● **Directions**: Using the material below, return exactly the lines between the one holding "Gold tear drop earrings" and the one holding "Ultraman Zero Beyond", inclusive, and no others.

Data for this exercise Block Start

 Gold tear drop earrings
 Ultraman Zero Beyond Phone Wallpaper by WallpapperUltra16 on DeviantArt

Data for this exercise Block End
Data for this exercise Block Start

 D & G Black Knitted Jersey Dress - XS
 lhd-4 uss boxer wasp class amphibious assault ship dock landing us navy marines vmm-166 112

Data for this exercise Block End
Data for this exercise Block Start

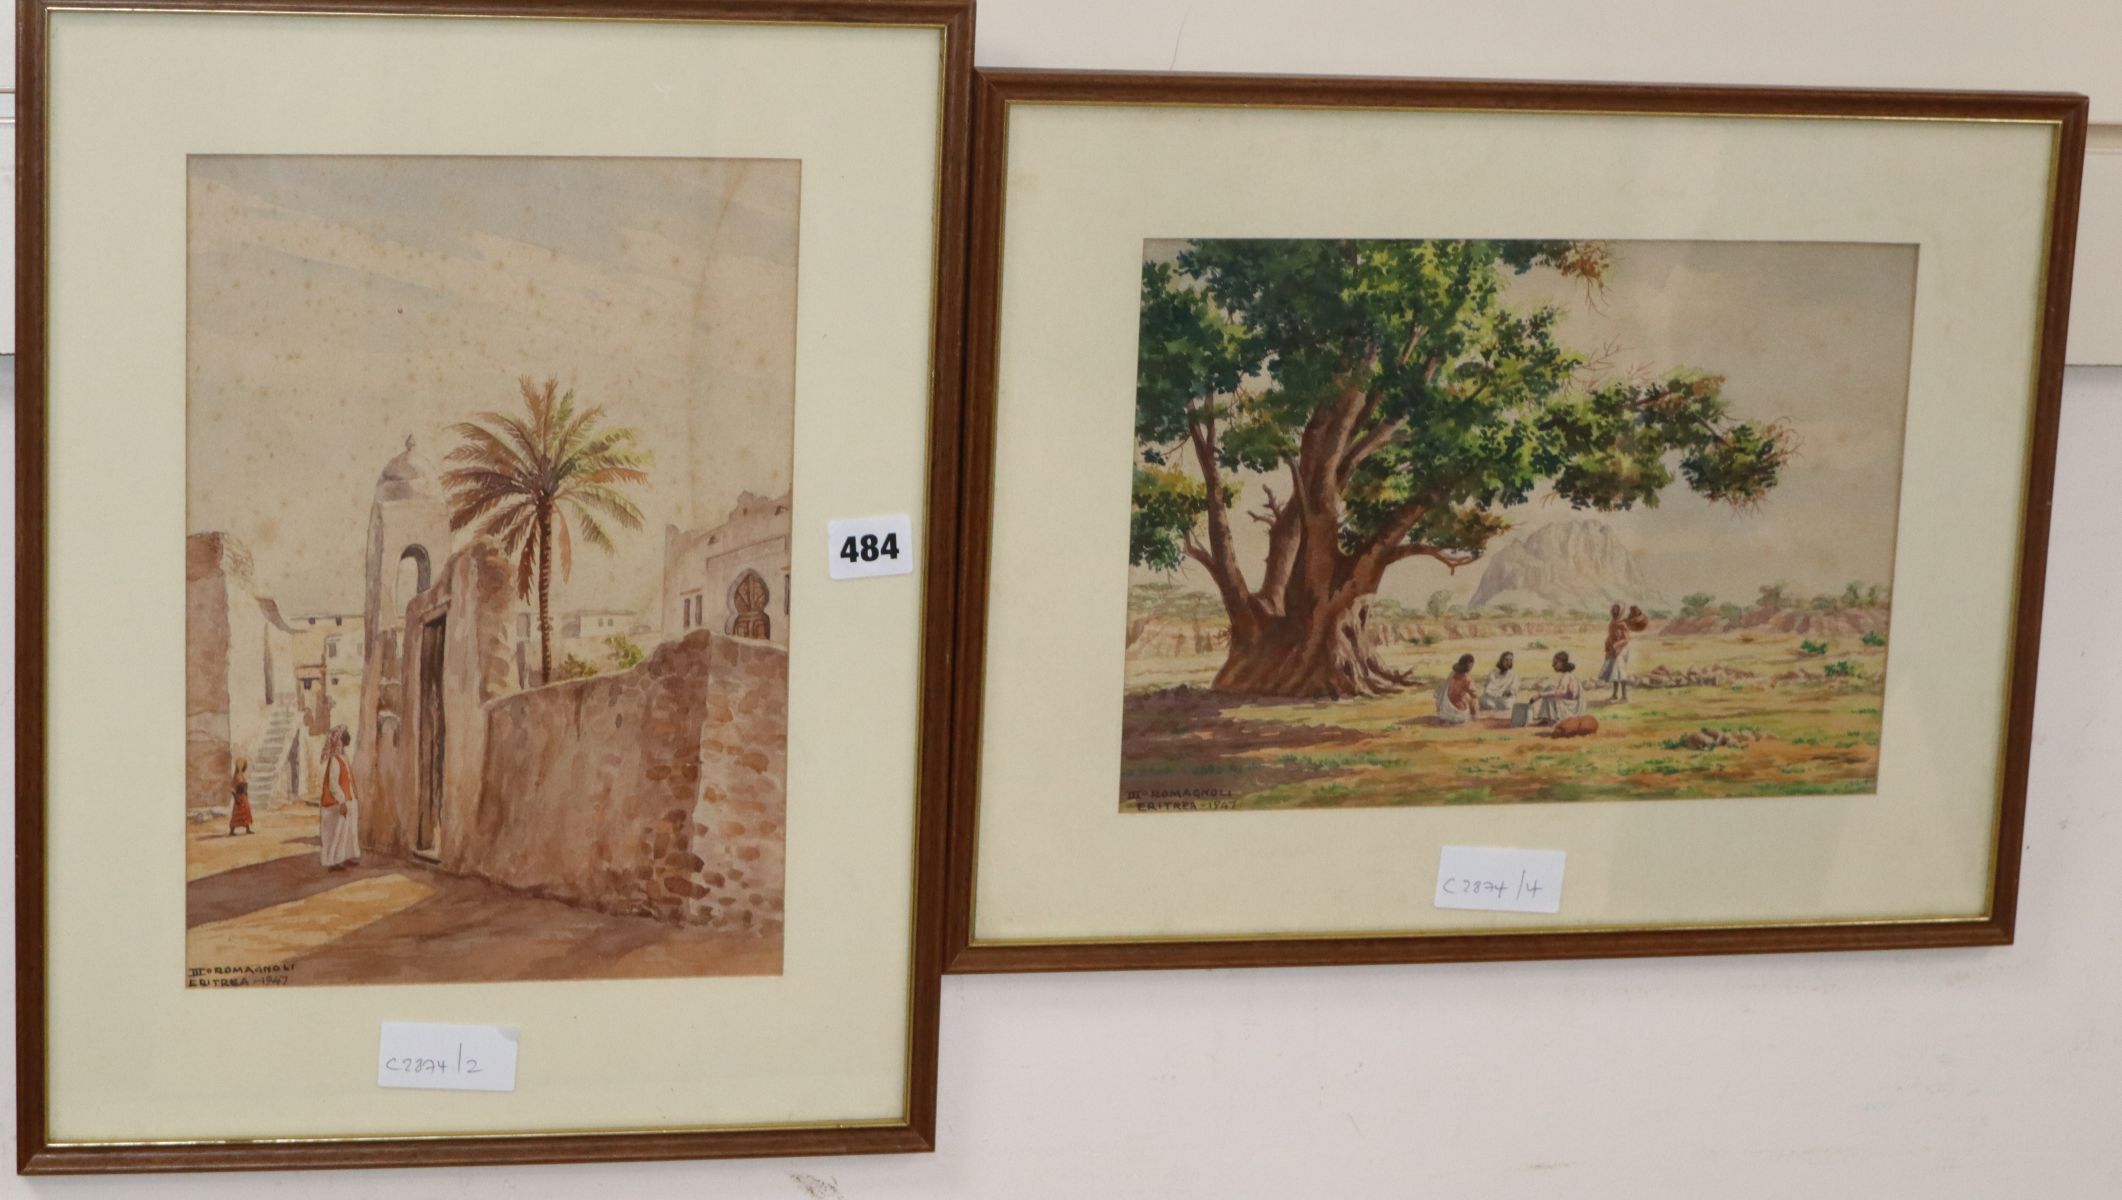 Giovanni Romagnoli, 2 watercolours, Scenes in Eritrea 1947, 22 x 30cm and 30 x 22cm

Data for this exercise Block End

● **Solution below**:
 Gold tear drop earrings
 Ultraman Zero Beyond Phone Wallpaper by WallpapperUltra16 on DeviantArt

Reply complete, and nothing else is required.